• [Data extract]
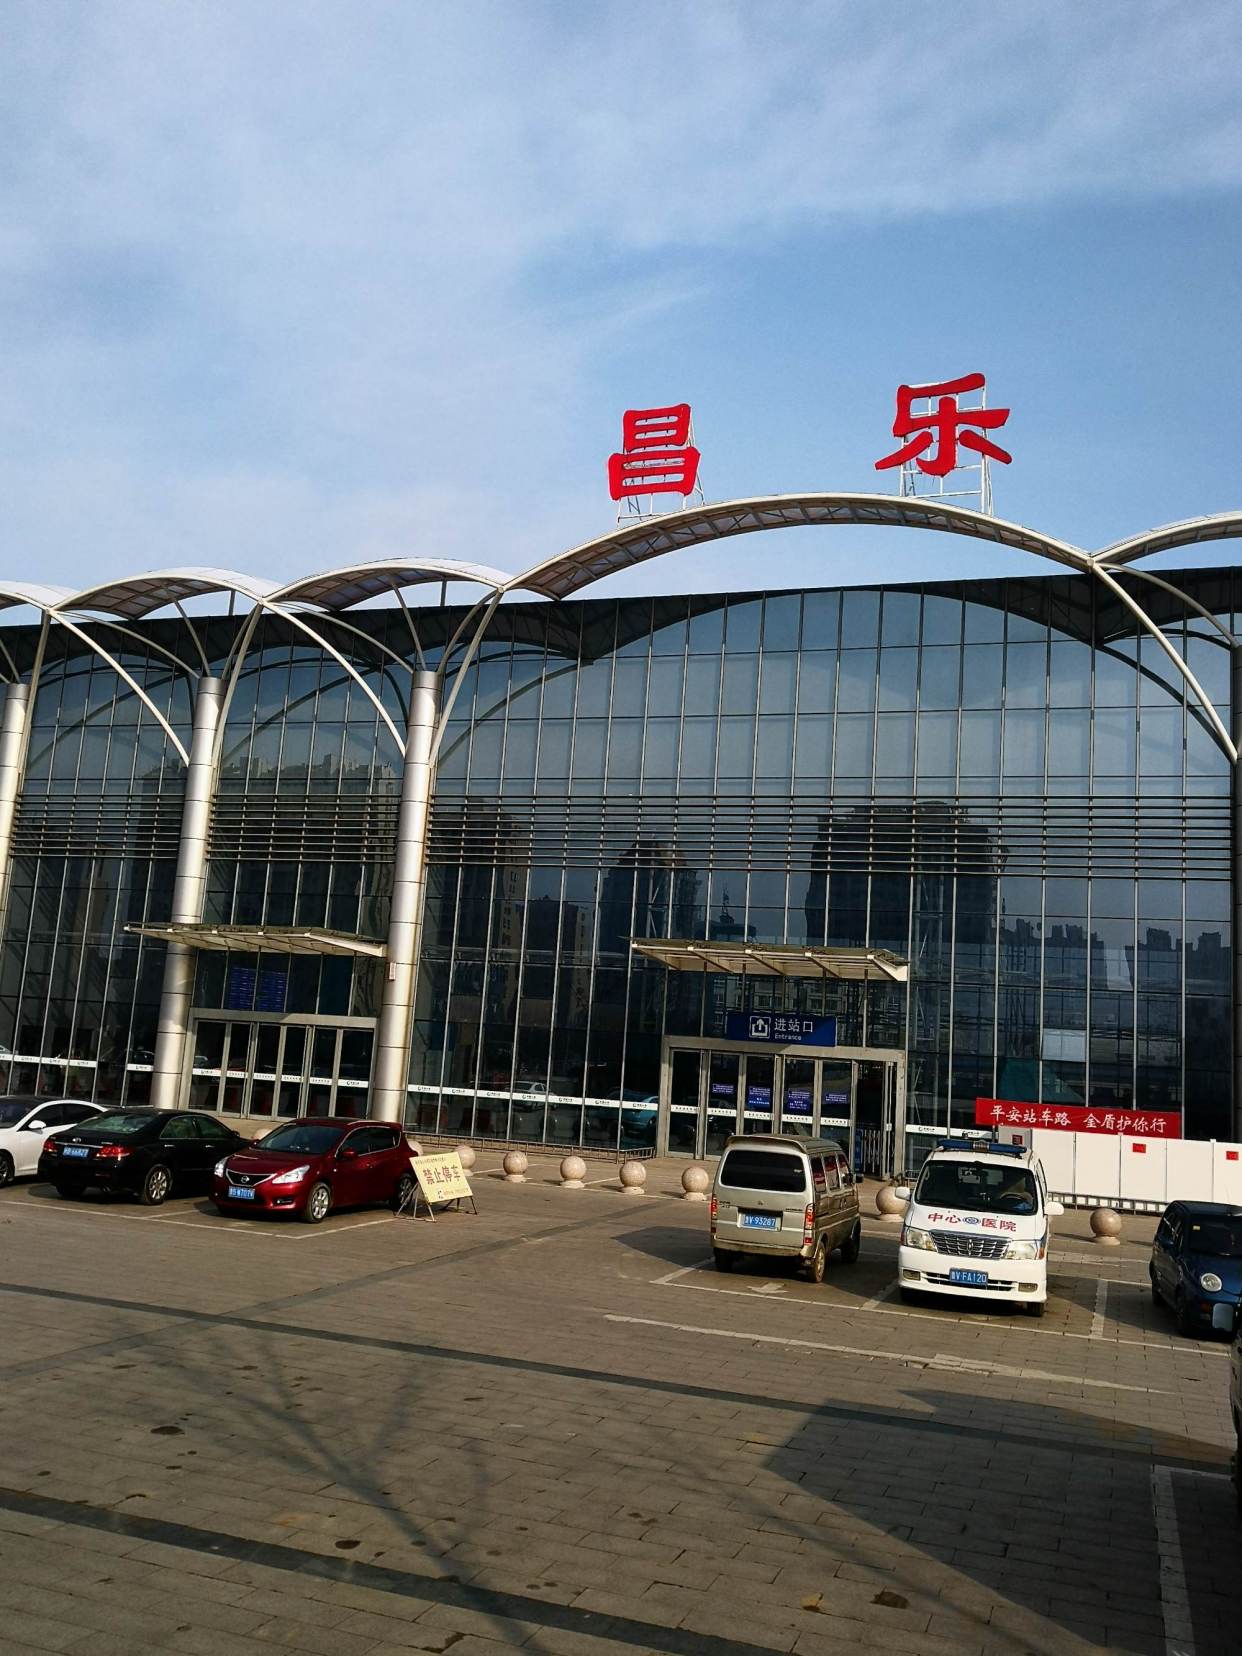 时隔多年,昌乐火车站再次有了普通列车:去济南可剩省下29块钱
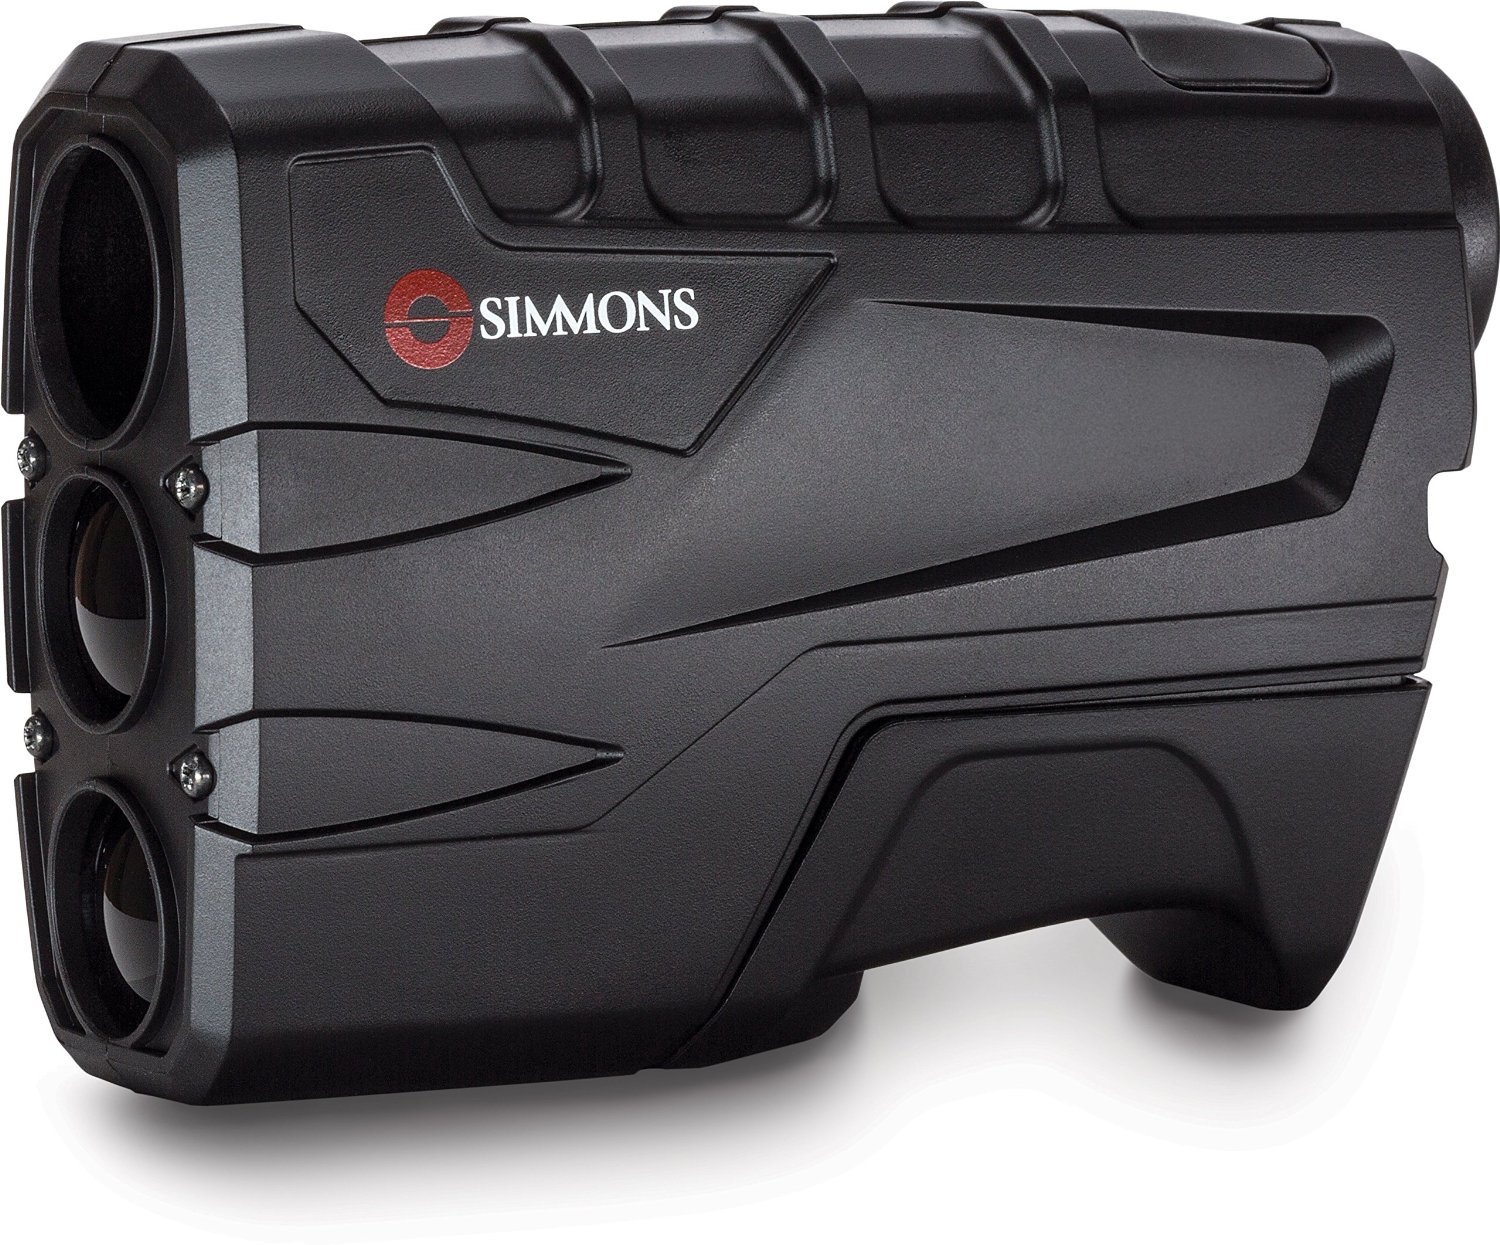 Save on the Simmons Volt 600 Laser Rangefinder – Just $64.99!
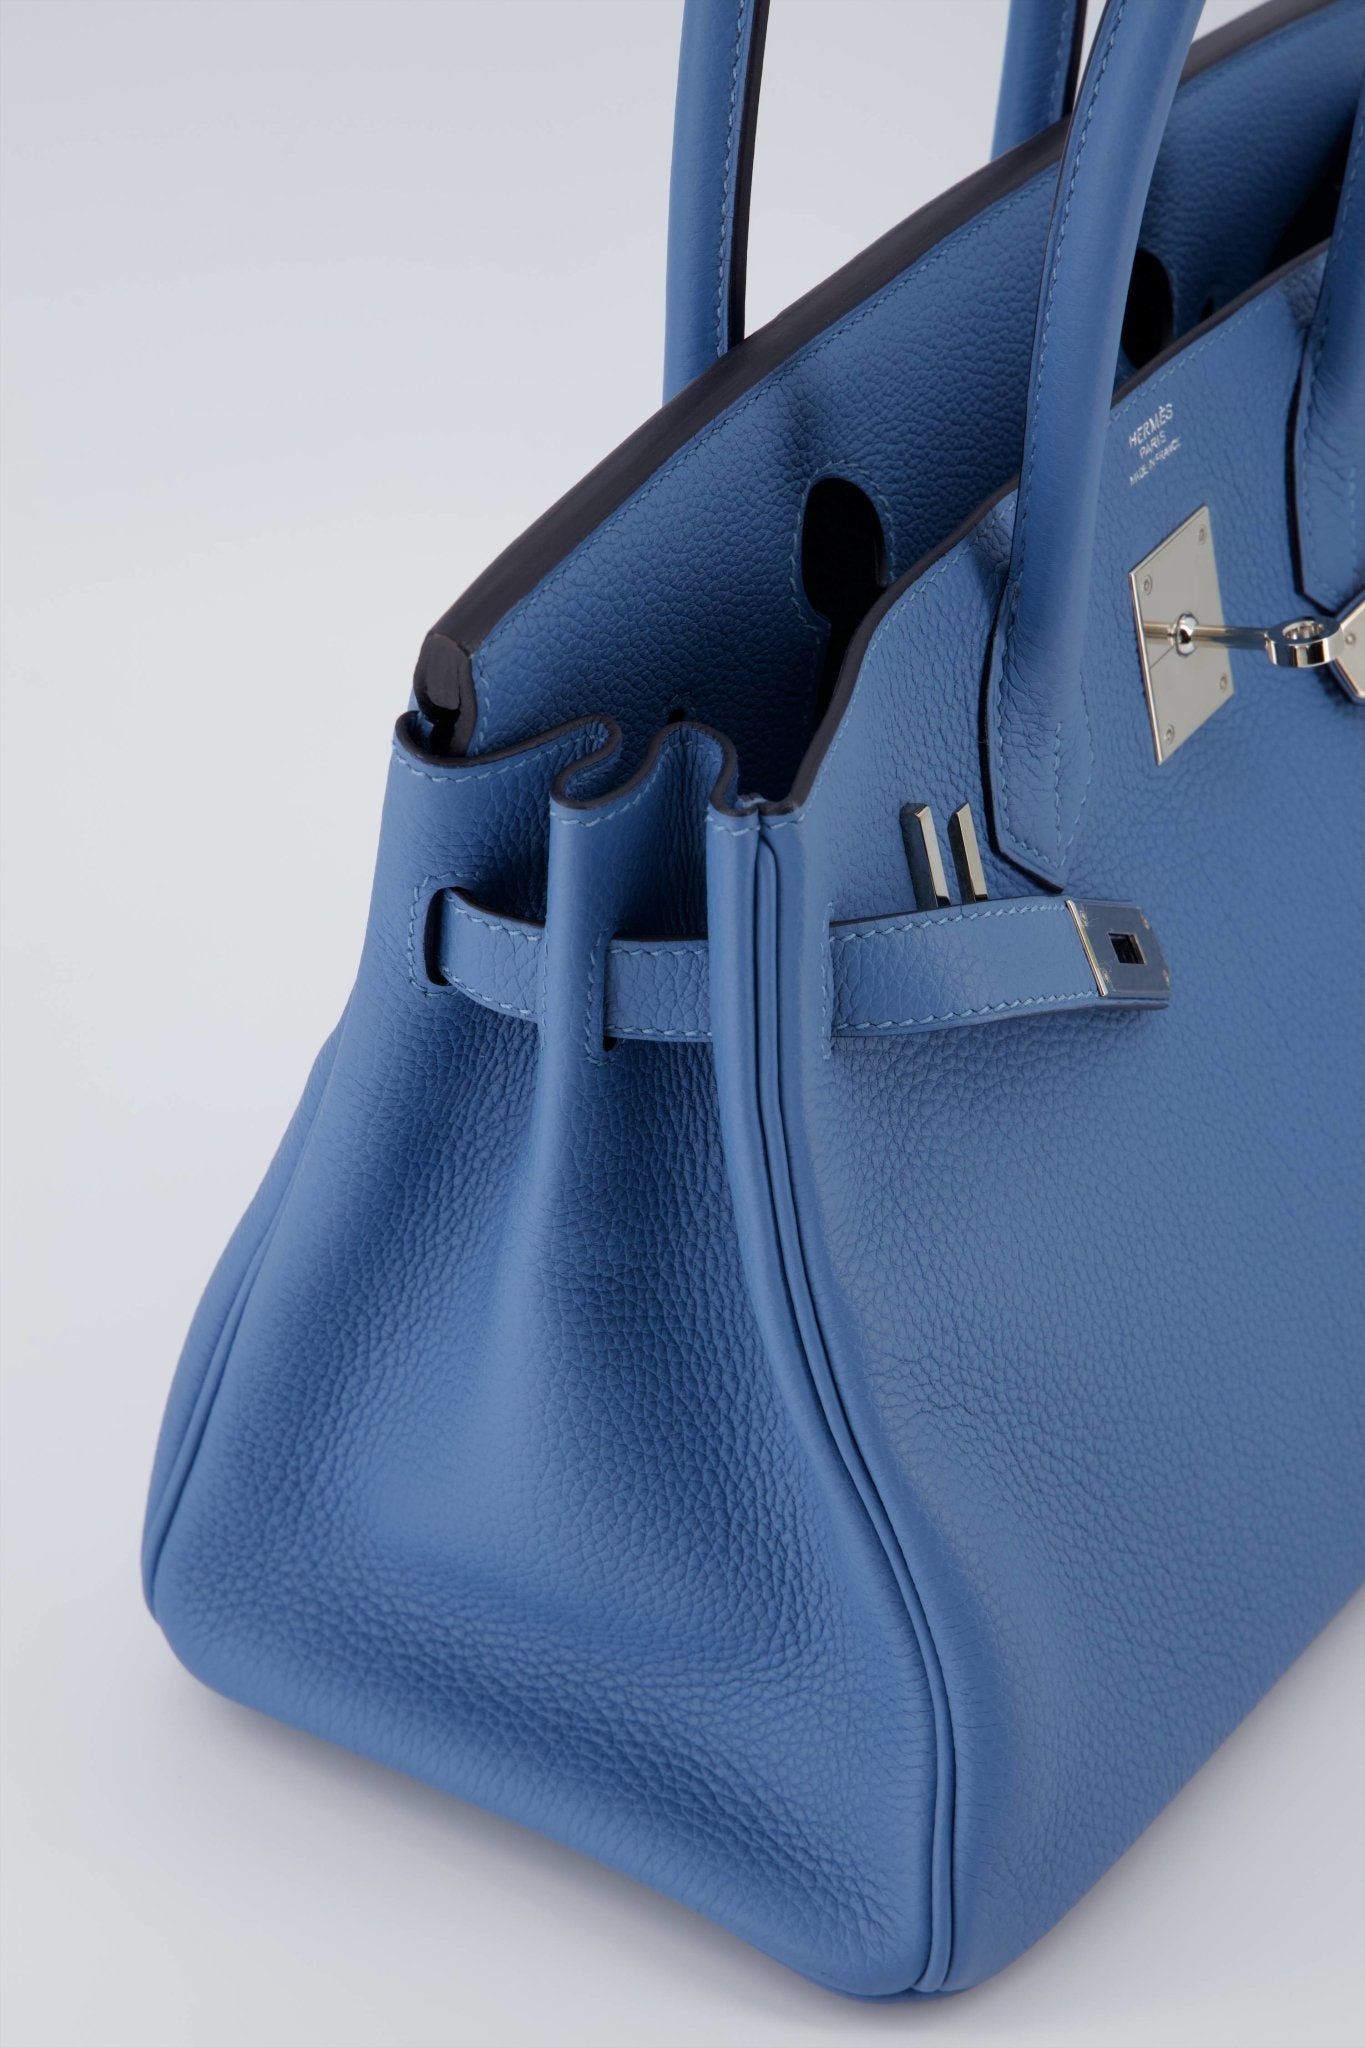 Hermes Birkin 30 Handbag Azur Togo Leather With Palladium Hardware

• [Your objective]
Please transcribe each line above exactly, but leave the images out.

• [Response]
 时隔多年,昌乐火车站再次有了普通列车:去济南可剩省下29块钱
 Save on the Simmons Volt 600 Laser Rangefinder – Just $64.99!
 Hermes Birkin 30 Handbag Azur Togo Leather With Palladium Hardware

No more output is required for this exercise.